The current investigation (Introducing this issue):

Practice your English with two thought-provoking talks on the uses and abuses of research results.

Neuroscientist Molly Crockett warns her listeners to watch out for “neuro-bunk:” commercial companies that try to sell products by exaggerating or misrepresenting research findings.

She gives some funny examples, but it can lead to widespread misunderstanding of specific research and of the scientific process.

Then Ben Goldacre talks about publication bias, and the problem of negative data going “missing in action.” Drug companies publish the results of trials that show favorable results, but doctors may never learn about trials that show that new drugs are not as effective as others they may already use.

If all the information on a medication is not available, doctors cannot make informed decisions about the best drugs to prescribe for their patients.

He gives examples, including a drug that he would not have prescribed if he had known about the problems found with it in several studies-- that were never published.

After a brief discussion of some new vocabulary in these talks, there are links to a crossword puzzle to practice research vocabulary and to a page reviewing the scientific method (in case you’re interested.)

Your First Clue: Vocabulary Emphasized in this Issue

conduct, consensus, consent, fluke, placebo, replicate (& unreplicable.)

A few notes about the vocabulary:

To conduct is usually to lead someone, but to conduct an experiment means to do it (carry it out, or guide the research.) As a noun, ‘conduct’ is a person’s behavior—the way they act or conduct (lead) their lives.

Consensus means general agreement—often a group agreement on something without a formal vote. When you read about ‘the consensus of scientific opinion,’ it means that most scientists agree about something. It is related to the AWL word ‘consent,’ which means permission, or to agree to something.

The American legal term ‘consenting adults’ refers to two adults who agree to have sex. (‘Rape’ is when sex is forced on someone, and ‘statuary rape’ is when there is no force, but one person is considered too young to give voluntary legal consent to have sex.)

‘The consent of the governed’ is an important political doctrine expressed in the American Declaration of Independence. At the beginning of the Declaration it says that God has given certain rights that cannot be given away: “life, liberty, and the pursuit of happiness.”

It continues “That to secure these rights, Governments are instituted among Men, deriving their just powers from the consent of the governed…”

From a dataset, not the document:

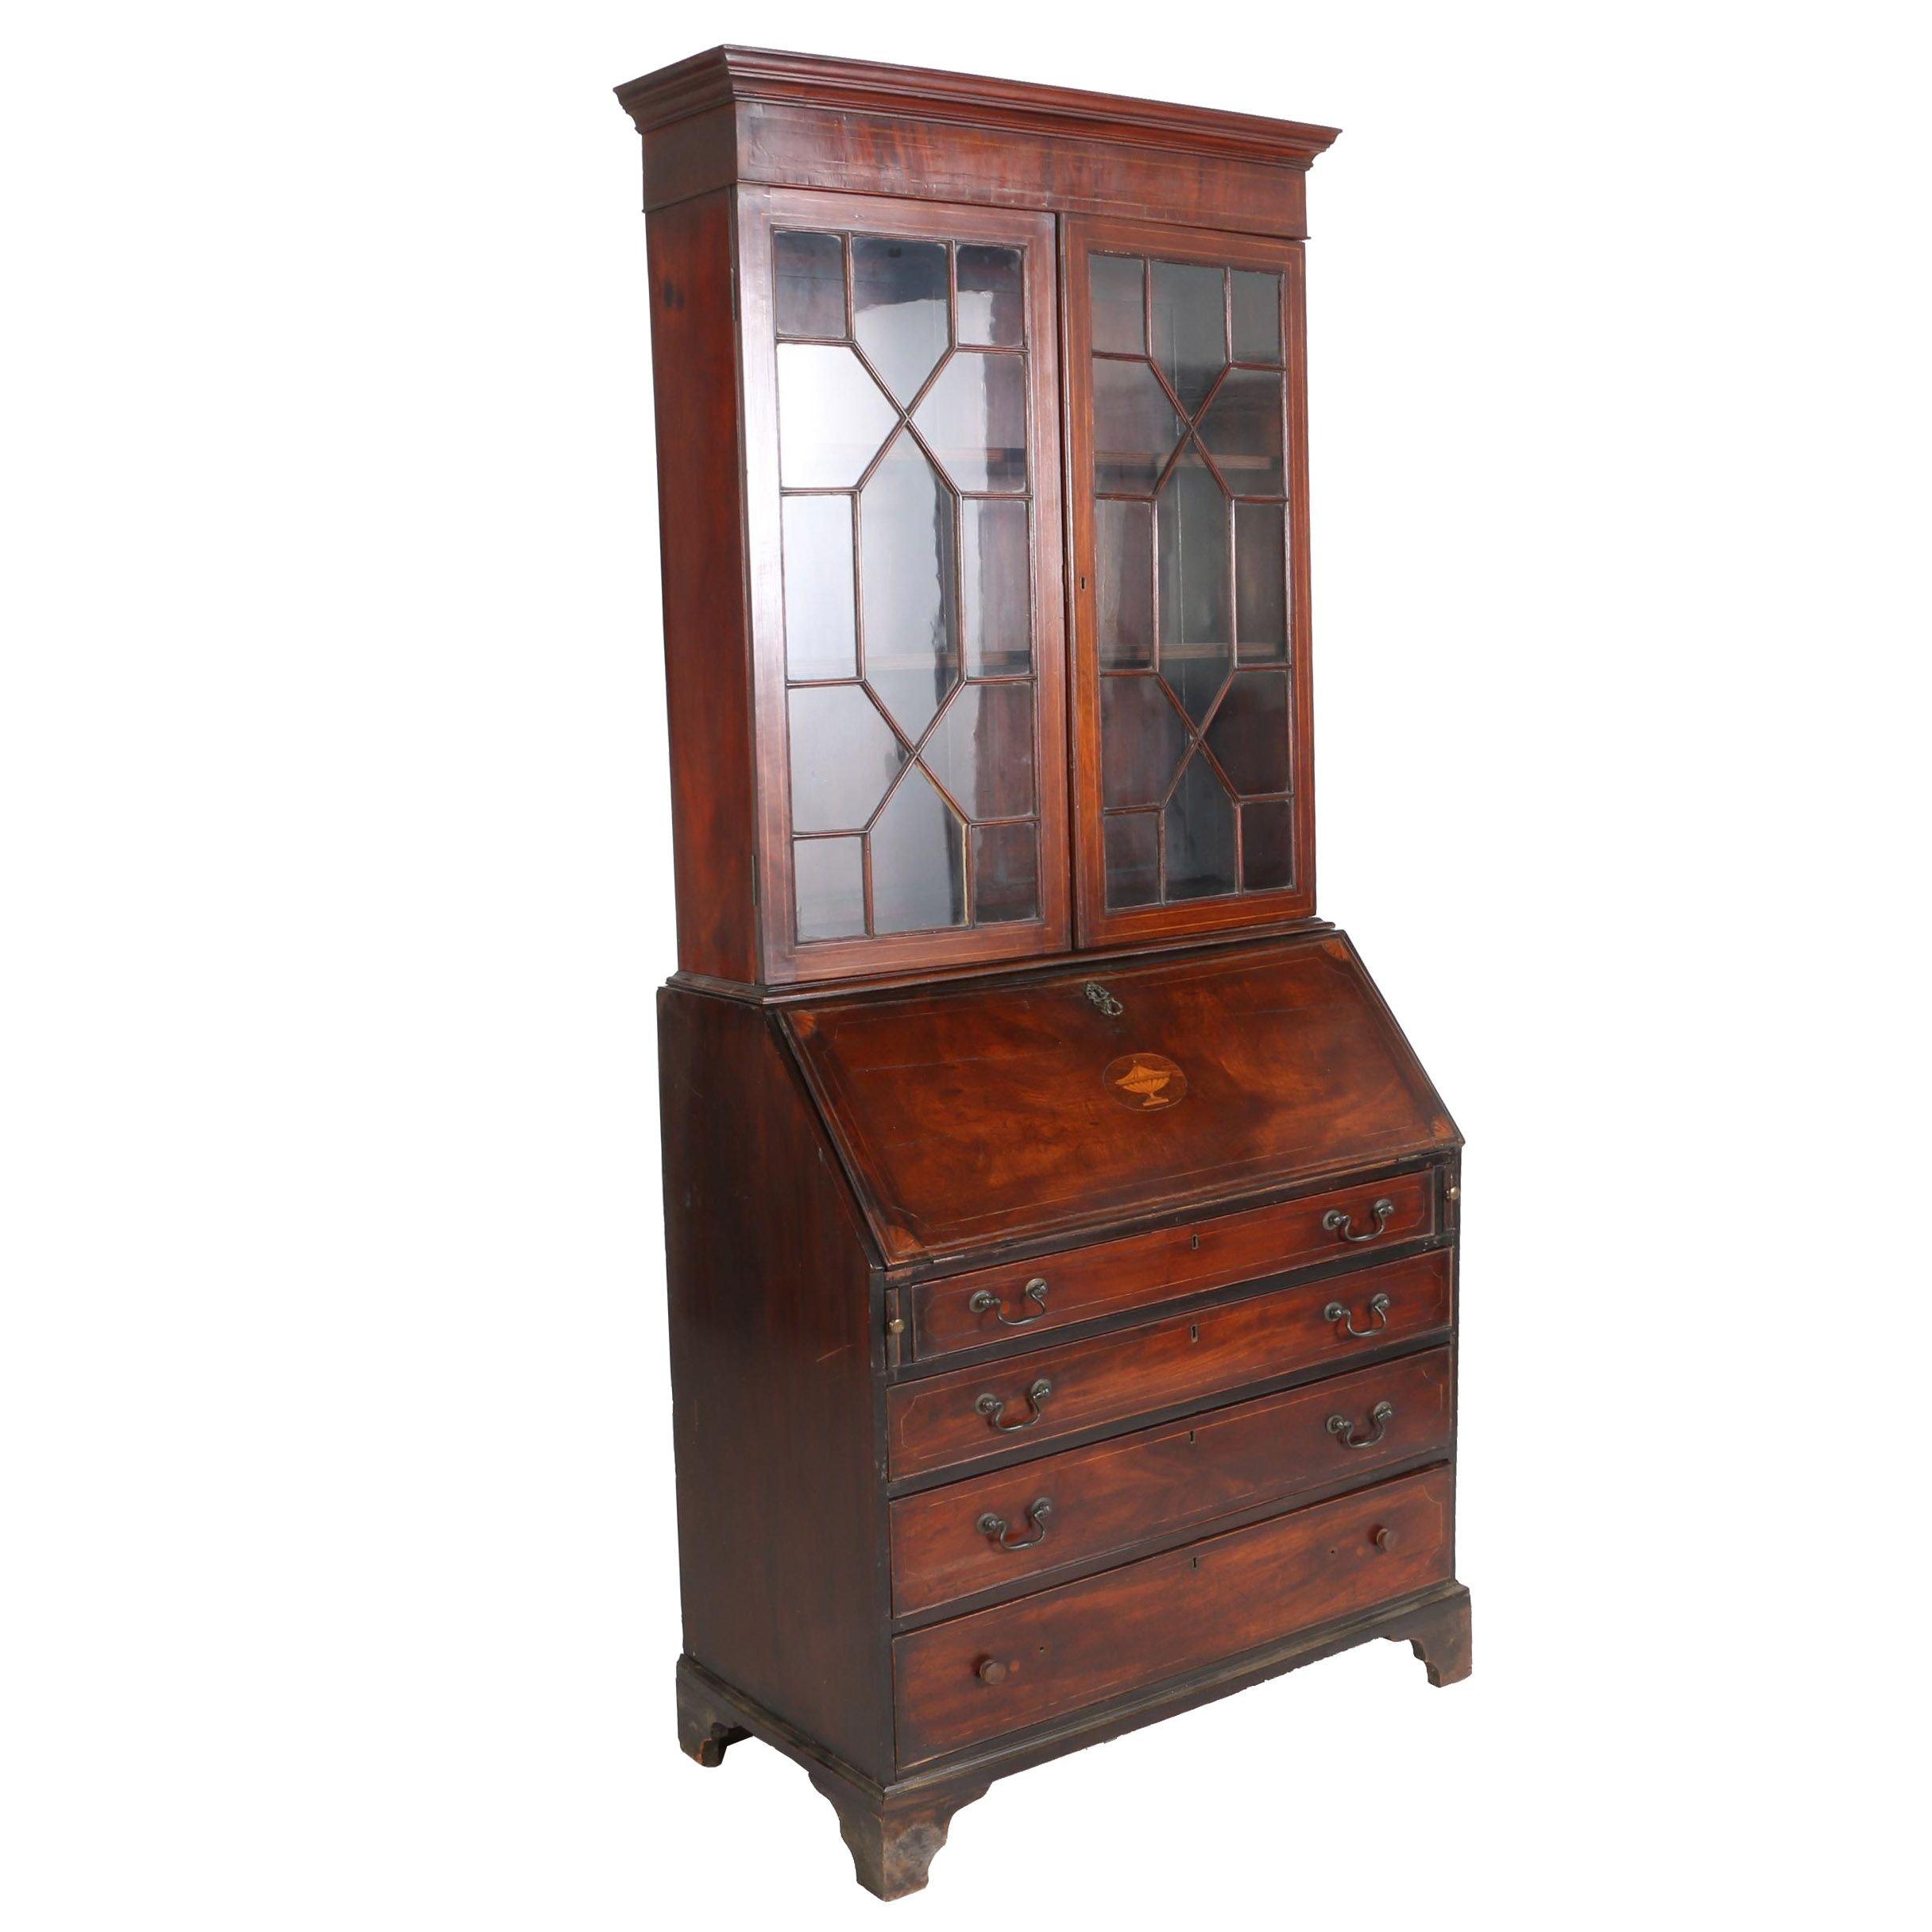 George III Mahogany and Marquetry Bureau Bookcase, Circa 1800

That phrase expresses a basic principle of democracy—that government is only legitimate when the people of the country consent to it (accept it). They give that consent in order to protect those basic rights, not to surrender them.

A ‘fluke’ is an unusual, one-time, chance result— not a result you would expect or would be able to repeat. (It’s ‘unreplicable’!)

A placebo is a ‘dummy’ or ‘sugar pill.’ It has no real medicine in it, but looks like a real pill. During drug trials some participants are given the new medicine to be tested, while other participants get a placebo.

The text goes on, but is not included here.